Suddenly, the shelf drops away, and an entire world is revealed, teeming with fish of all shapes, sizes and colours- stripy, shiny, pointy and bloated they dart in and out of the corals crevaces. There is so much life down here.

A Mars Bar wrapper floats past my face, and I grab it and tuck it into my boardshorts. I can't bear to see this wonderland spoilt by human trash.

The current carries me down the beach and I lie as still as I can, stretched out in the cool water, trying not to disturb the fish swimming beneath me. Every so often I dive down as far as my eardrums will let me to get a closer look at the fish and their underwater world.

I emerge at the pier and clumsily flipper-walk my way to the shore.

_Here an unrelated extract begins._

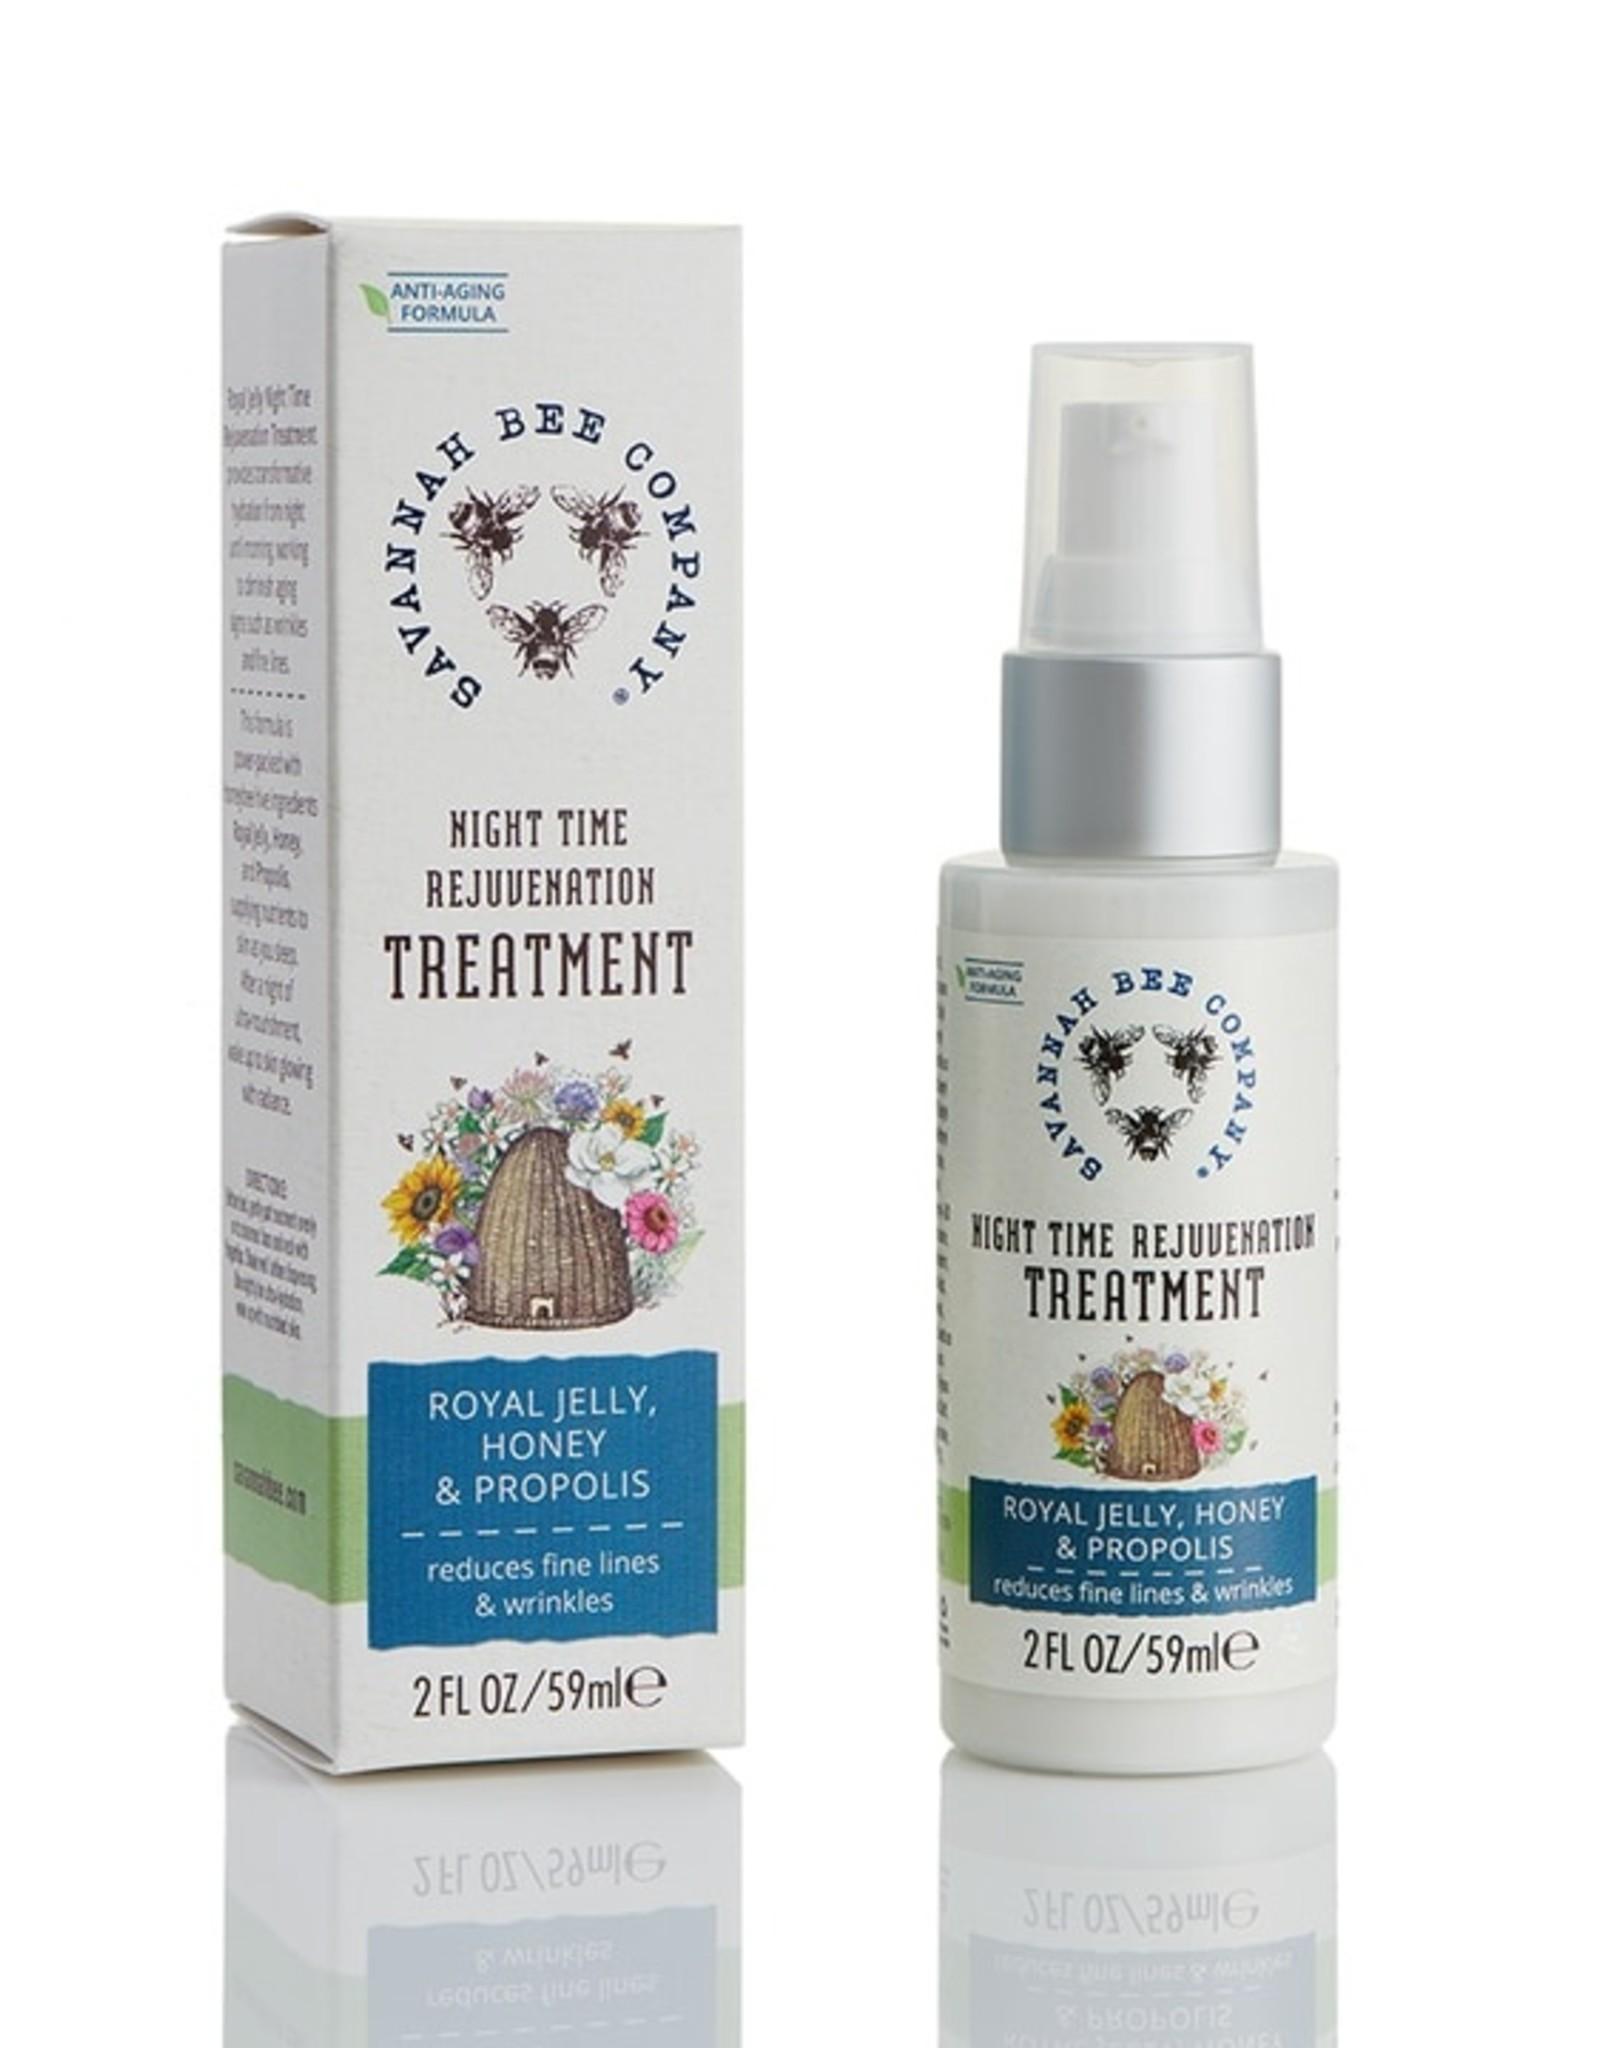 Savannah Bee Company Night Time Rejuvenation Treatment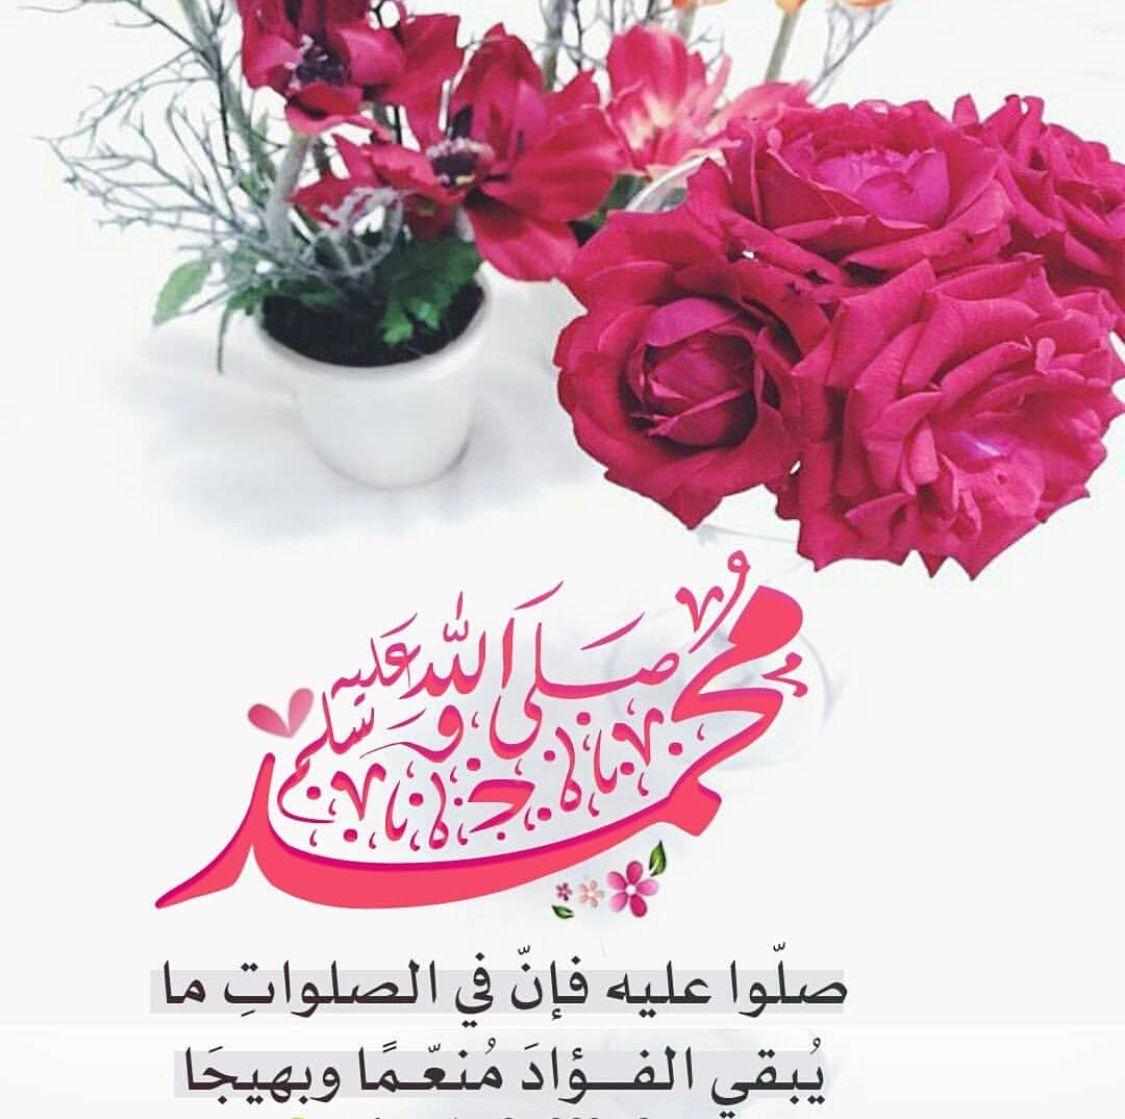 دعاء قصير ومفيد Islamic Pictures Crown Jewelry

Looking around me, I can hardly believe that these worlds coexist, the gaudy beach resort, the drab polluted beach dotted with fully clothed beach goers who stare openly as I pass them, dripping wet in my one piece, and the oblivious ecosystem thriving in technicolour beneath the waves in silent splendour.

Lizard-like, I lay on a sun lounge, luxuriating in the rays of light reflecting off the empty pool, the other tourists stretched out around me, their lycra suits still bone dry.

We pay for the priveledge of privacy and look upon the world outside the metal bars as we look upon the life under the sea; with wide eyed bewilderment. In our enclosure we are free to disrobe, lie hand in hand sipping cocktails. On the beach the covered women are free from lacivious stares of passing men.

In the ocean the fish swim, and swim. They judge no one.